Women’s literature has moved beyond the pale -- all matter of pinks from pale to insistent -- to dismemberment. These days, publishers are partial to flashing body parts, specifically women’s body parts, often legs and exquisitely shod feet, on book jackets. ... Disjointed body parts are featured on books by bestselling authors Jodi Picoult and Jennifer Weiner, as well as the paperback edition of ‘The View From Castle Rock’ by Canadian short-story master Alice Munro. ... Publishers are also fond of blurry photos featuring the backs of women, often in fluttery summer dresses. No faces, please, we’re women.

She finds these partial renderings insulting to female readers. But what she doesn’t seem to take into account is that the designers are avoided putting a face on the fictional protagonists for a reason -- so that the reader can imagine herself (or himself) there. Isn’t that one of the pleasures of reading?
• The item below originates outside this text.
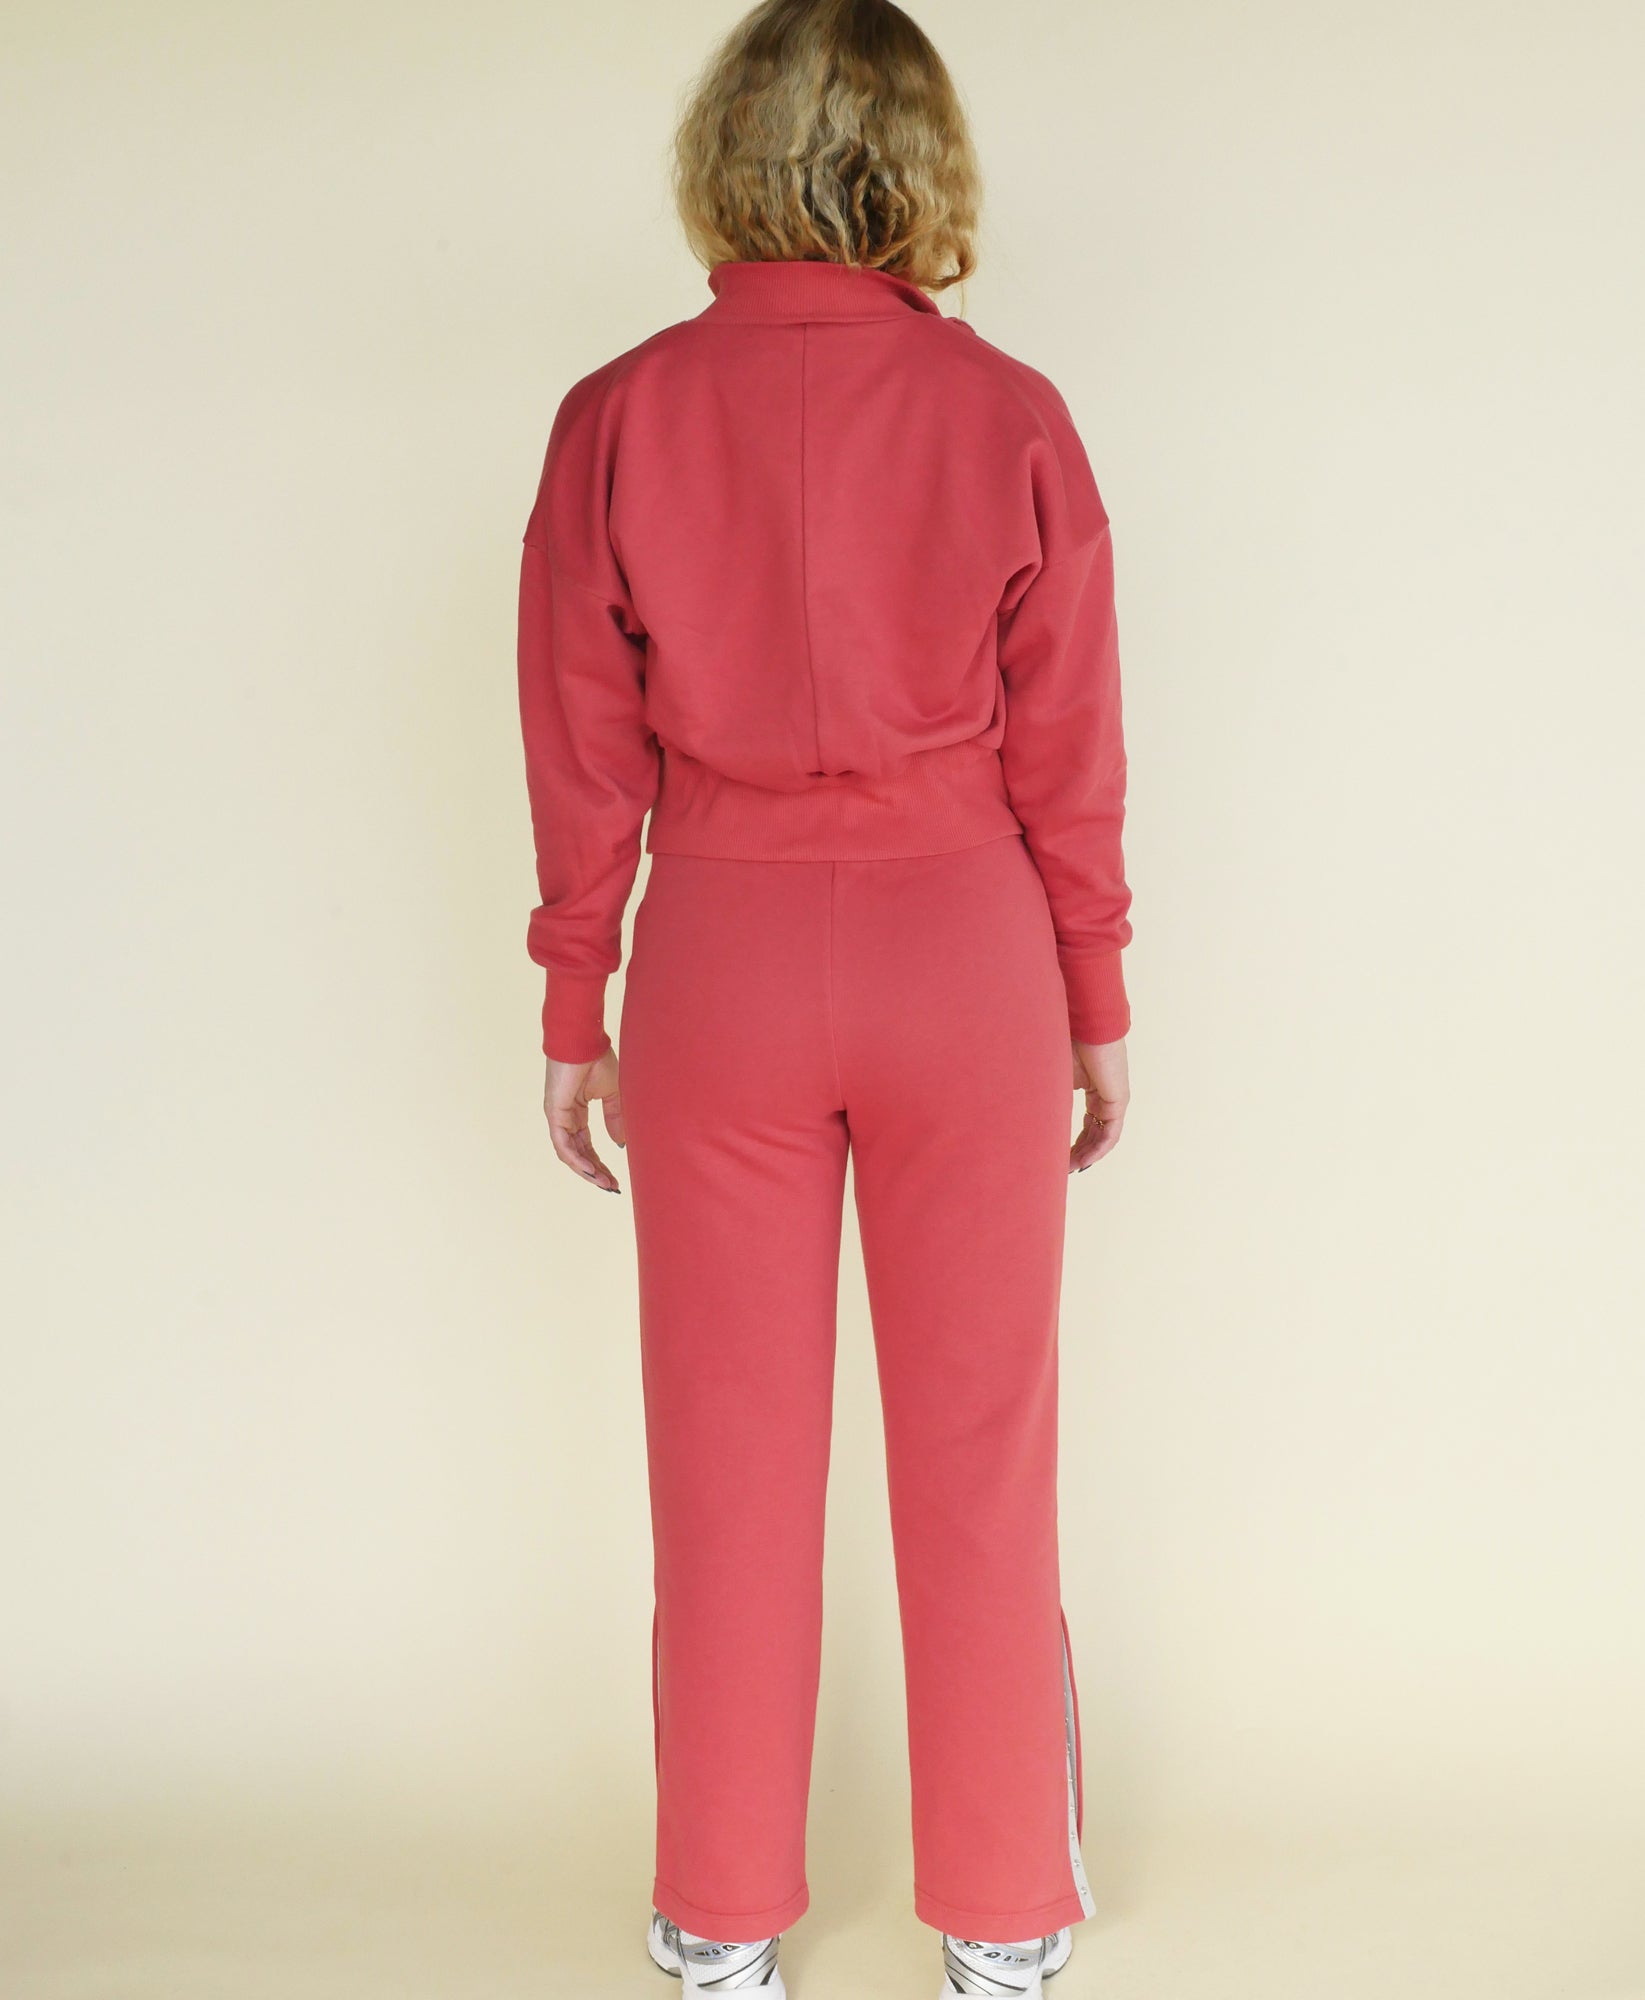 Wear One's At Snapfront Sweatshirt in Sepia on Model Full Back View with Sweatpants

When I was little, I was given a many-times-handed-down set of Nancy Drew books with blue-gray burlap covers decorated only by a silhouette of the girl-sleuth with her magnifying glass. I loved the books, and subsequently received others, bought new at Woolworth’s. The new books had garish yellow covers, usually with Nancy fully illustrated with lipstick and styled hair -- and she looked nothing like me. I resented the new, updated for the 1970s Nancy. I liked her better when I could imagine myself in her old-fashioned stack-heeled shoes.

These Corpus Libris photographs are a literalized extension of what it is to read. In the photos, people have made themselved part of the books, but also show how books can become a piece of who we are.